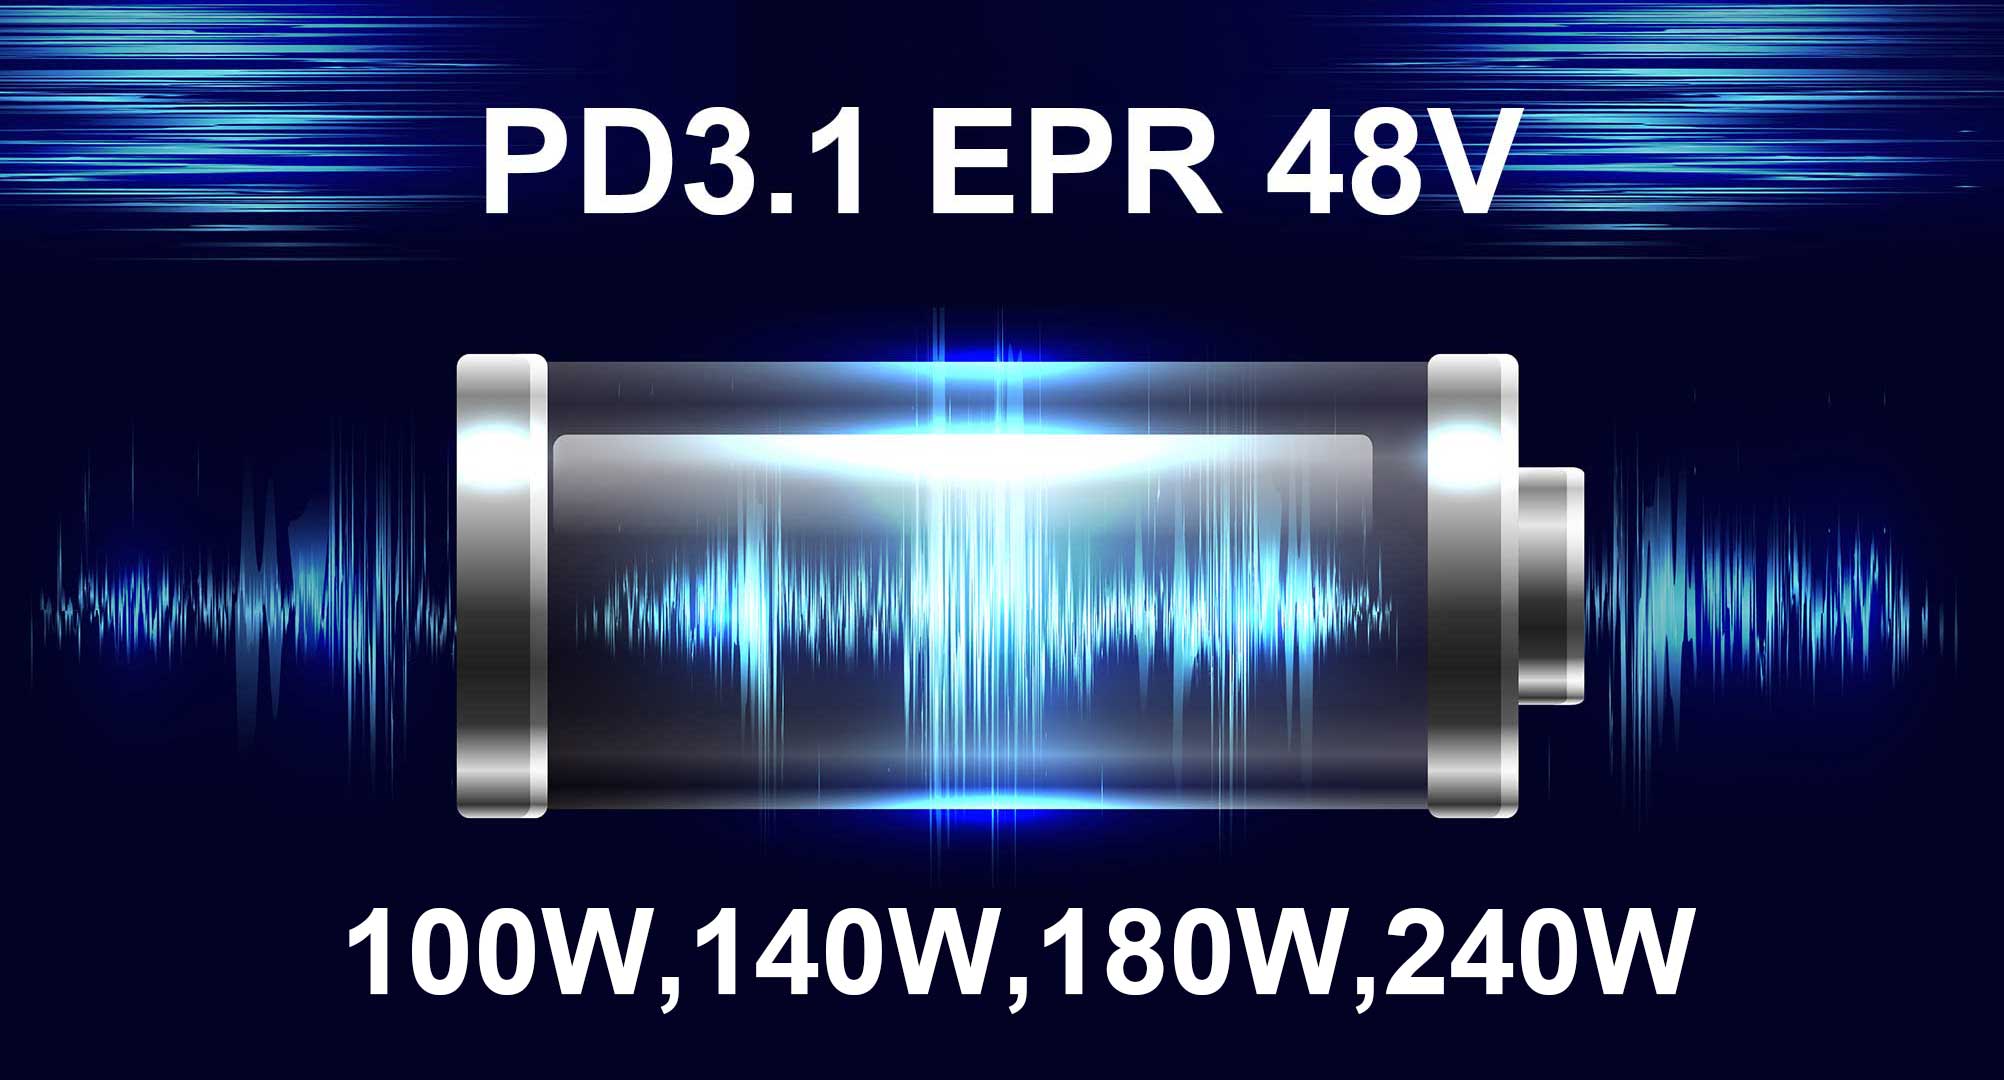 LVSUN bringt die neue Produktserie PD3.1 EPR 48V auf den Markt und führt die Ladebranche in eine neue Ära
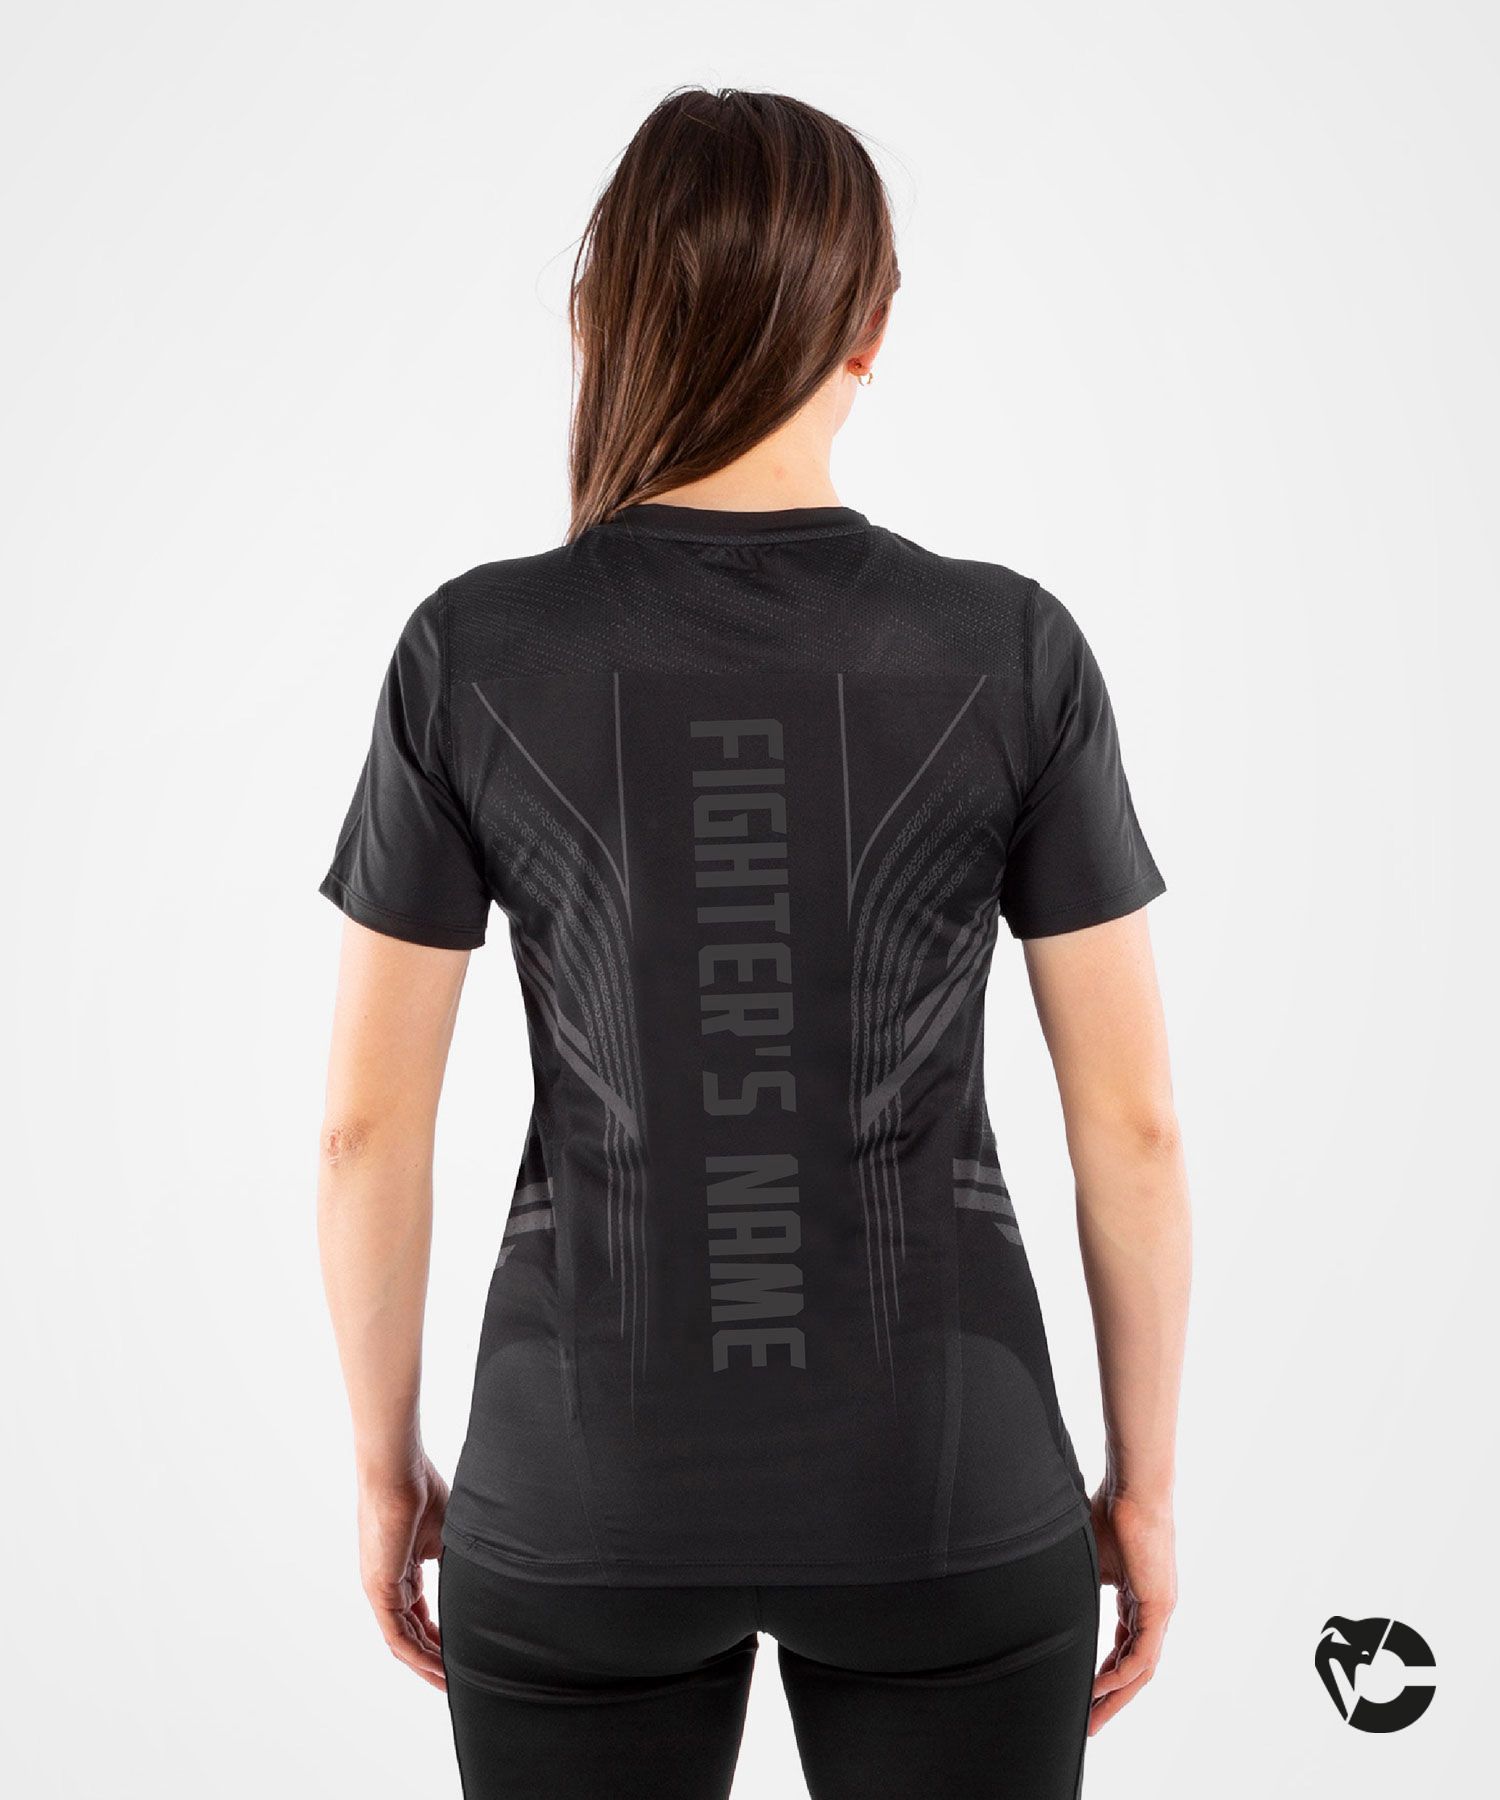 T-shirt Technique Femme Fighters UFC Venum Authentic Fight Night - Noir
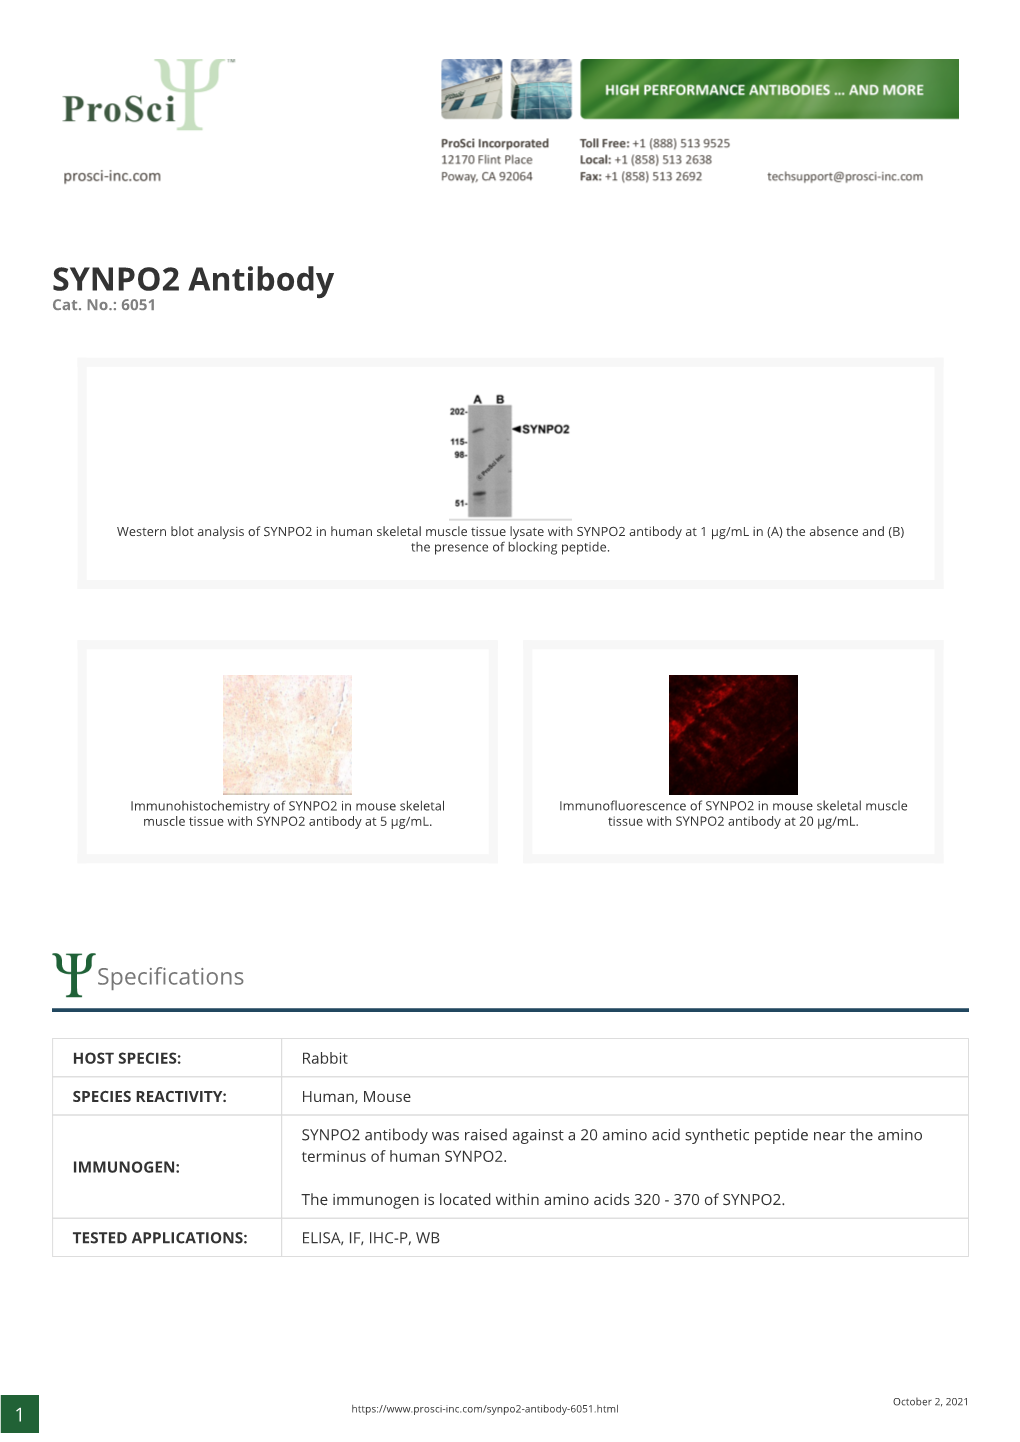 SYNPO2 Antibody Cat
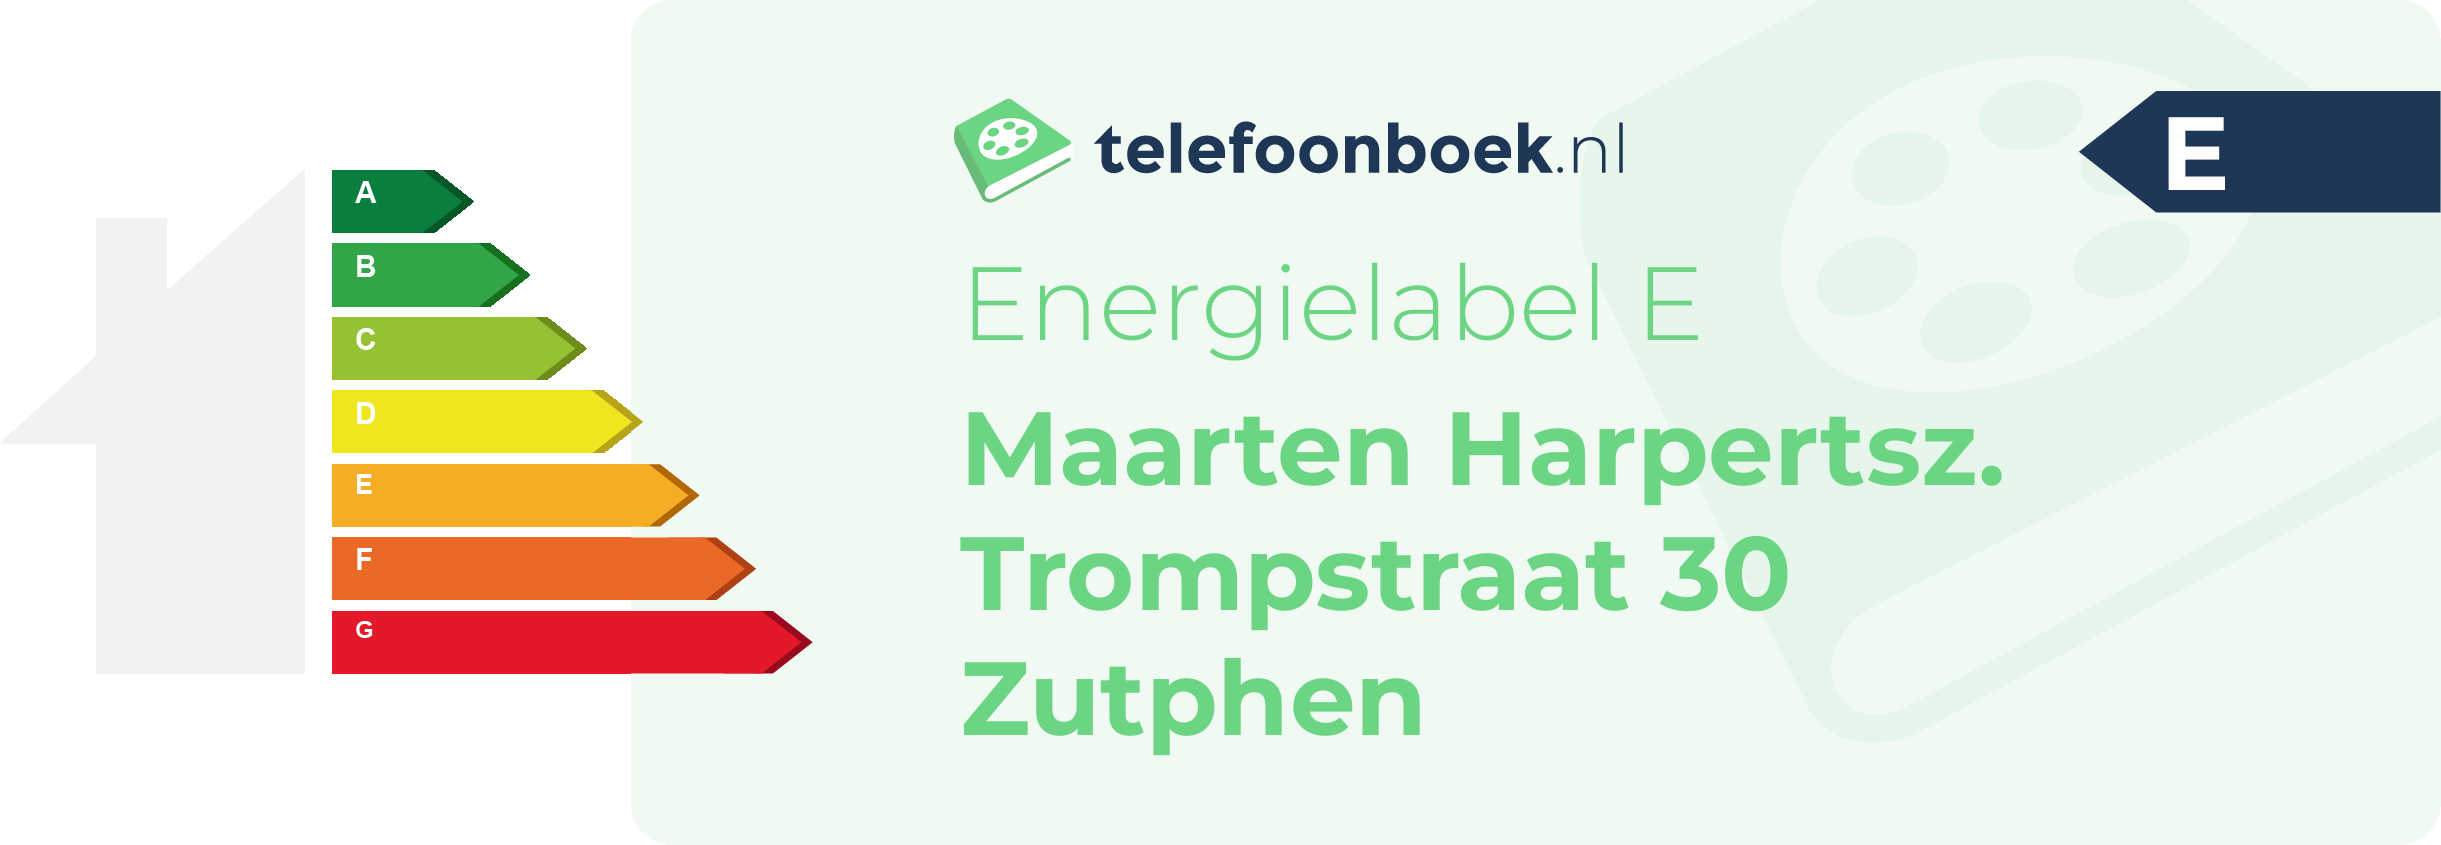 Energielabel Maarten Harpertsz. Trompstraat 30 Zutphen

### Problem requirements
Set down the line containing "SYNPO2 Antibody Cat", then every later line through the end of the material, exactly as written; omit any picture.

### Result of the task
 SYNPO2 Antibody Cat
 Energielabel Maarten Harpertsz. Trompstraat 30 Zutphen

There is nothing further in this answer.